Pain Management

Role of psychology in pain management

When you are in pain, it is natural to feel angry, sad, hopeless, and/or depressed. Pain can alter your personality, disrupt your sleep, and interfere with your work and relationships. Psychological treatment can be considered for any recurrent pain issue in collaboration with other pain management treatments recommended by your healthcare team.  Benefits of therapy include, but are not limited to, increased self-management of pain, improved pain-coping resources, reduced pain-related disability, and reduced emotional distress.

The most common psychological treatments are:

Talk therapy: We will take history of your symptoms, identify positive qualities that will help with recovery, and work towards acceptance.
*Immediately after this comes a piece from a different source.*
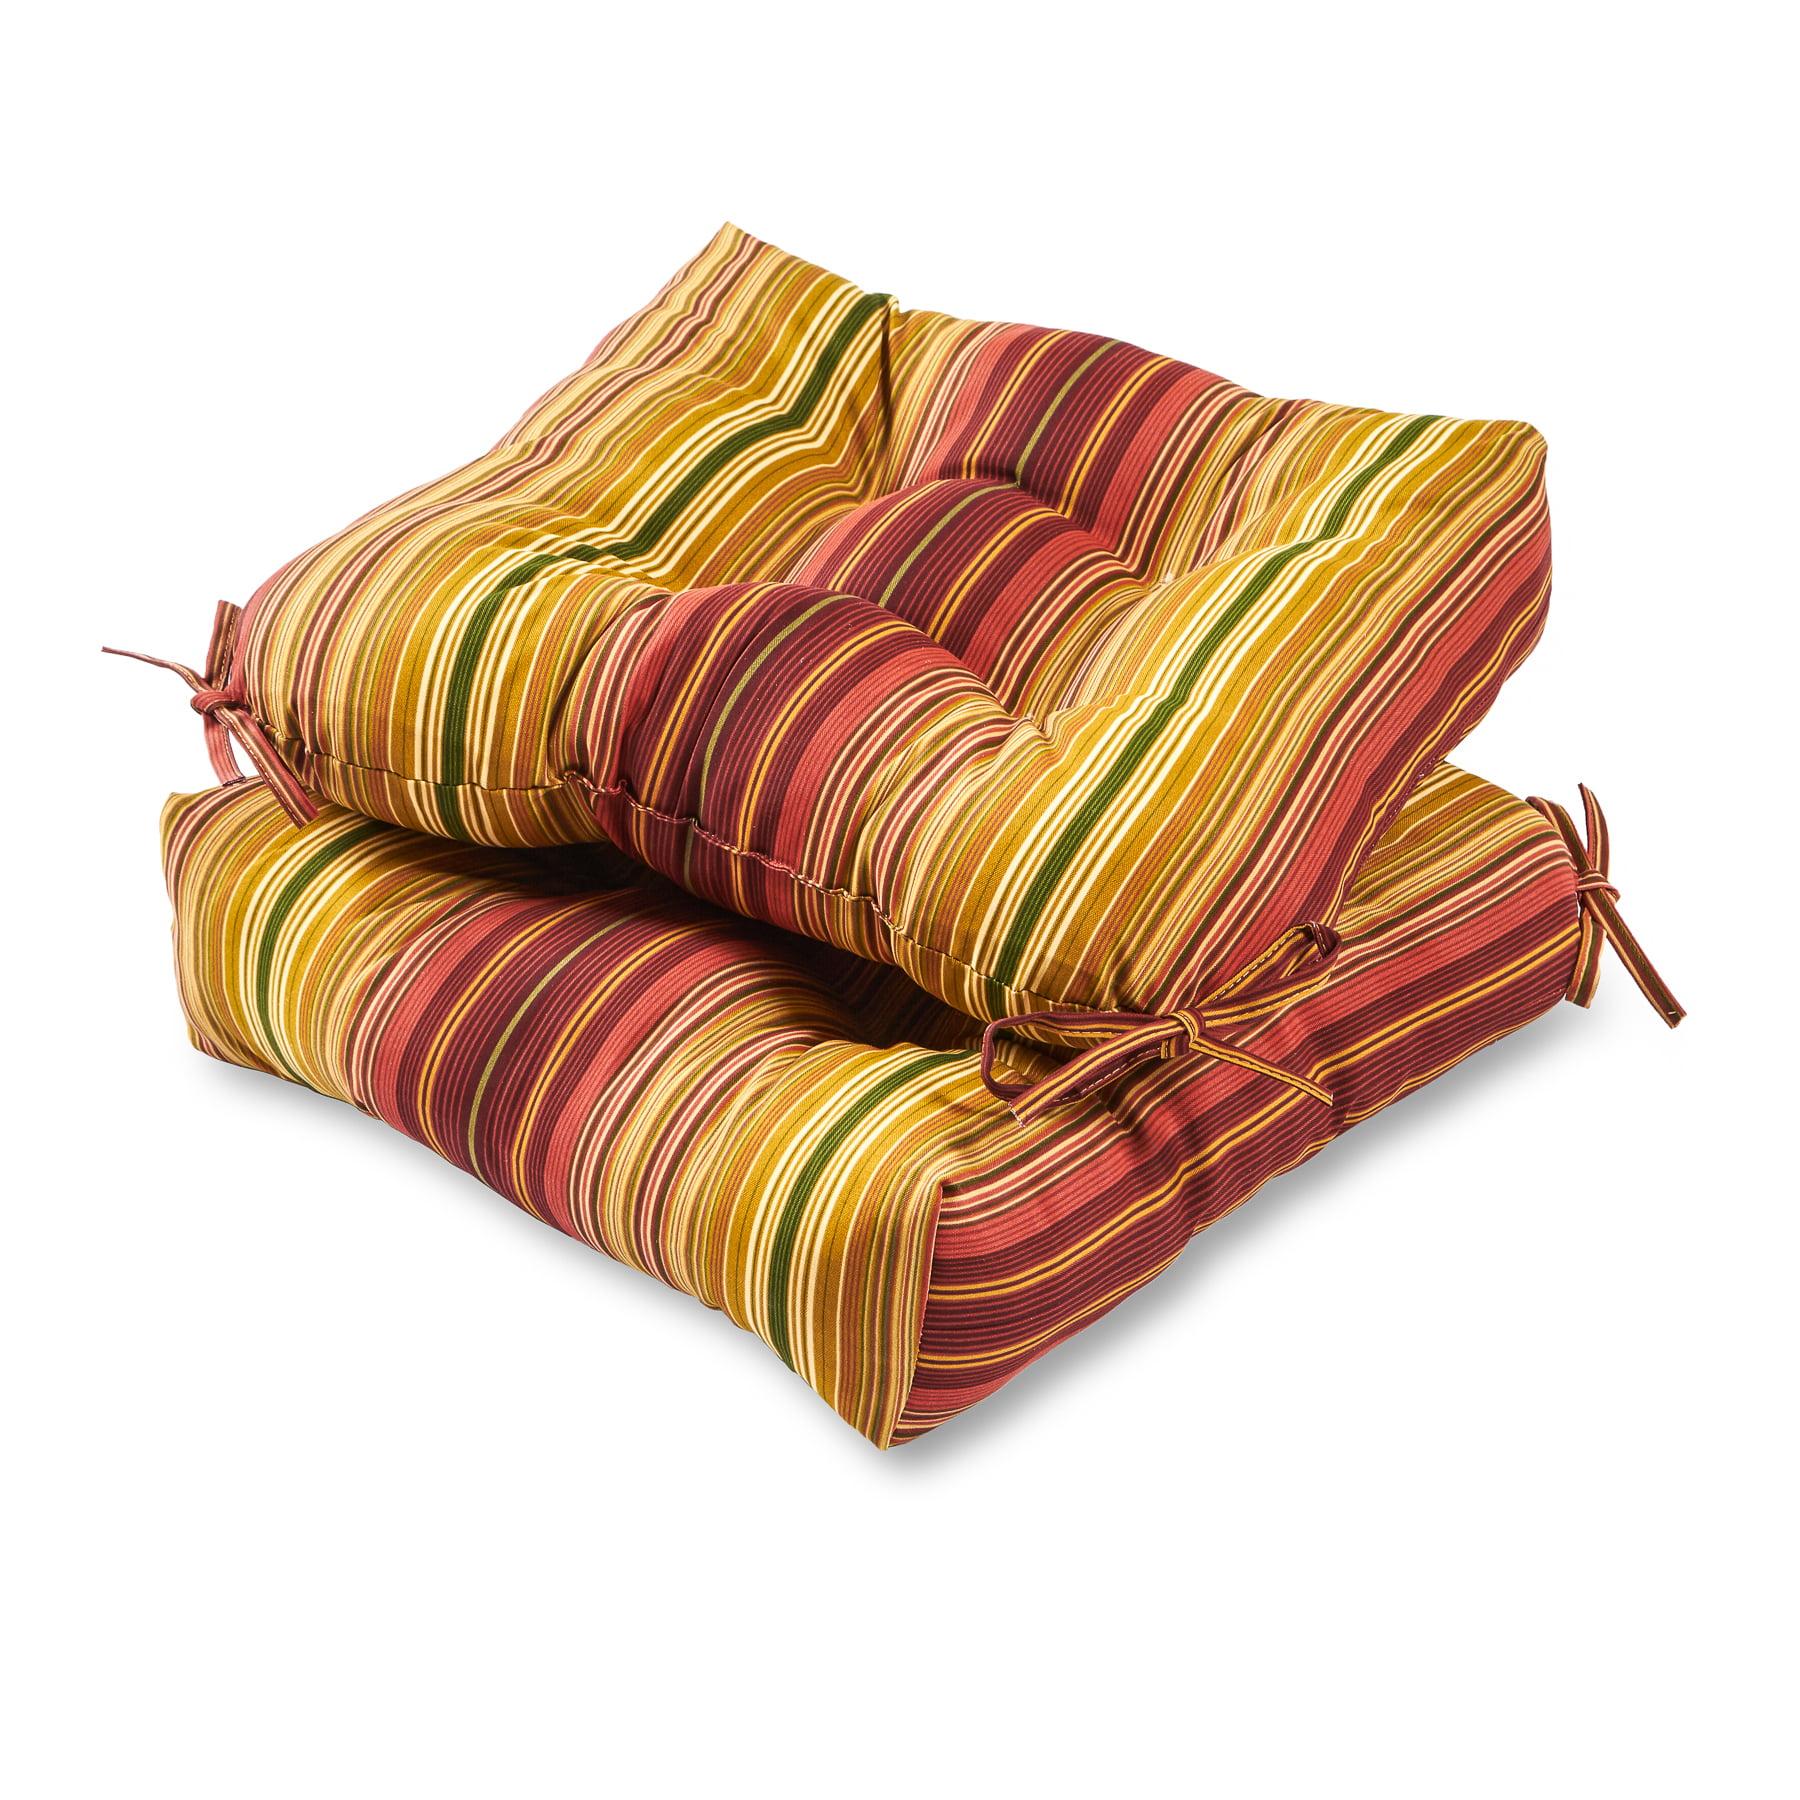 Greendale Home Fashions Kinnabari 20'' Outdoor Chair Cushion, Set of 2

Relaxation Training: Learning how to control your response to chronic pain and release tension and anxiety, that often exaggerate a painful physical condition, will aid in alleviating symptoms.

Behavioral Techniques: Keeping a pain journal or resuming normal life activities will lead to better recovery

Cognitive Techniques: Visual imagery is used to reduce pains interference with work, sleep, and family time.  Managing emotional distress can transform pain can reduce suffering

Stress management :  Stress is an unavoidable part of life however allowing it to overwhelm us is avoidable.  Understanding the relationship between stress and physical sensations can be achieved by focusing on the importance of your thoughts and how you view your stressors. Stress can make symptoms worse but with stress management clients can still experience stress, but keep it from intensifying their pain and from letting it ruin their lives.